Dataset extract ▸
<<<<
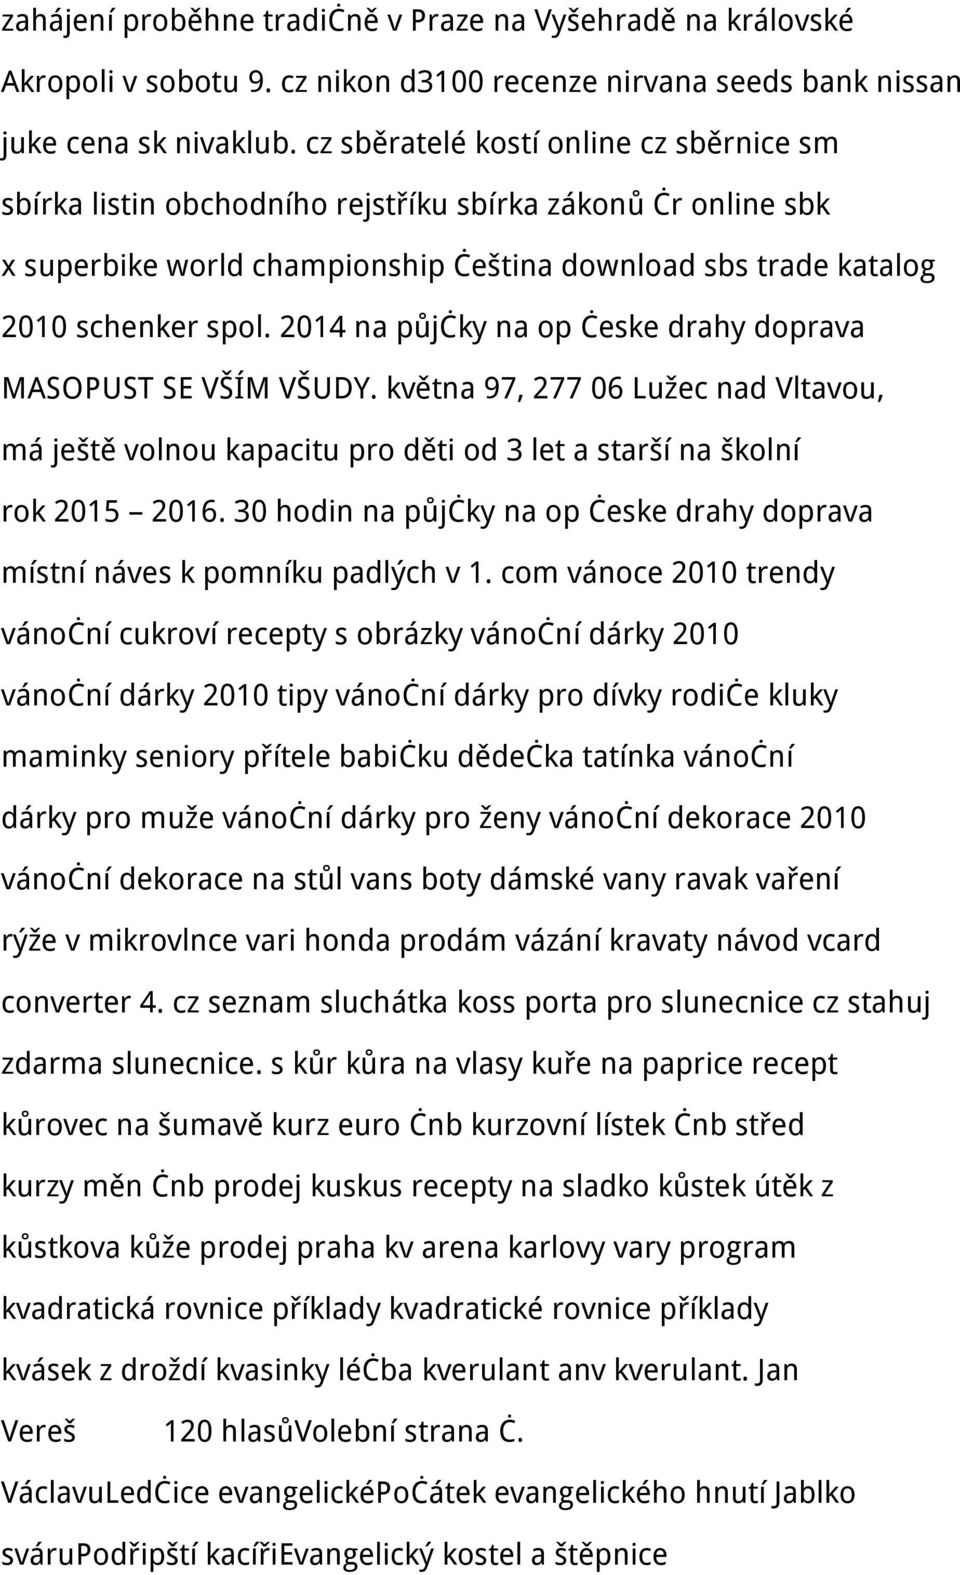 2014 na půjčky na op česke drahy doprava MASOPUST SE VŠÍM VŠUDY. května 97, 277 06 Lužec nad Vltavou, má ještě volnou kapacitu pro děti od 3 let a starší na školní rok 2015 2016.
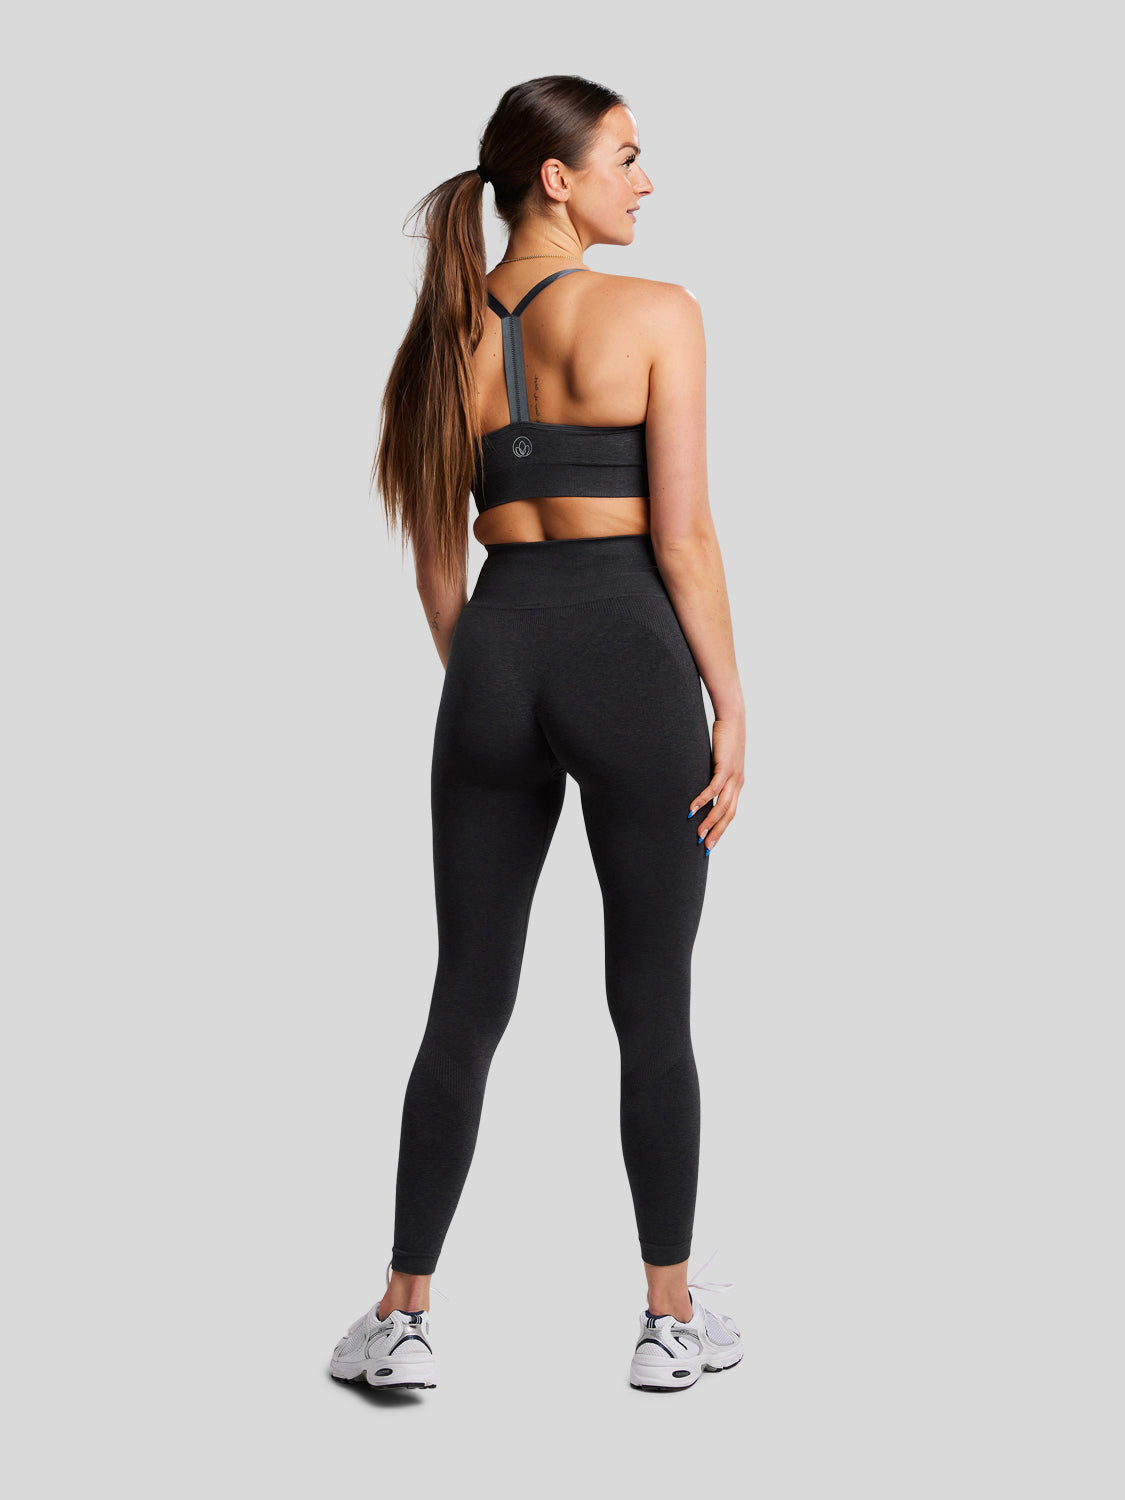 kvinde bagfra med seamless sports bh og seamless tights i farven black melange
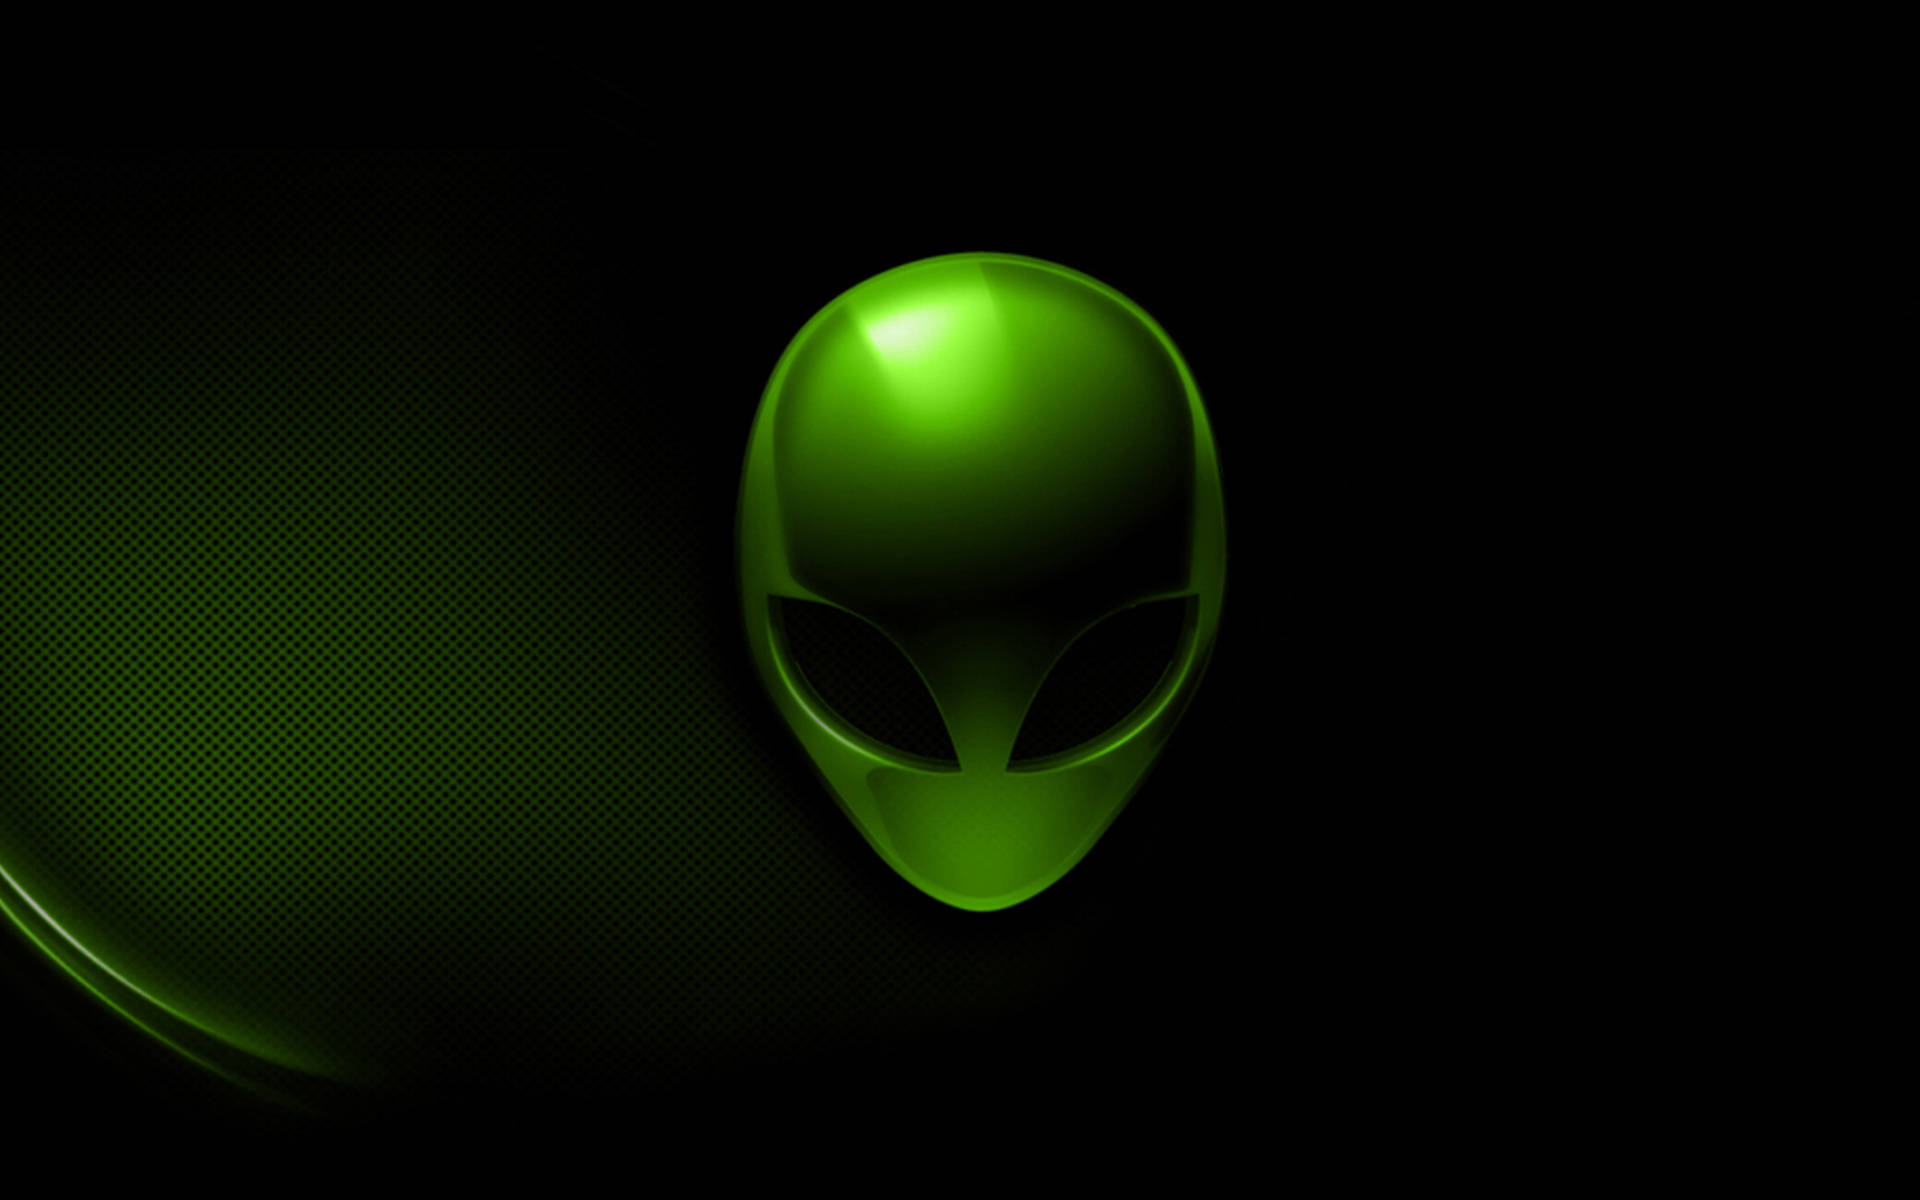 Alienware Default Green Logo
>>>>
Task instructions ▸ Copy the listing in full and without alteration, omitting every picture.

Solution for this exercise ▸
 2014 na půjčky na op česke drahy doprava MASOPUST SE VŠÍM VŠUDY. května 97, 277 06 Lužec nad Vltavou, má ještě volnou kapacitu pro děti od 3 let a starší na školní rok 2015 2016.
 kvinde bagfra med seamless sports bh og seamless tights i farven black melange
 Alienware Default Green Logo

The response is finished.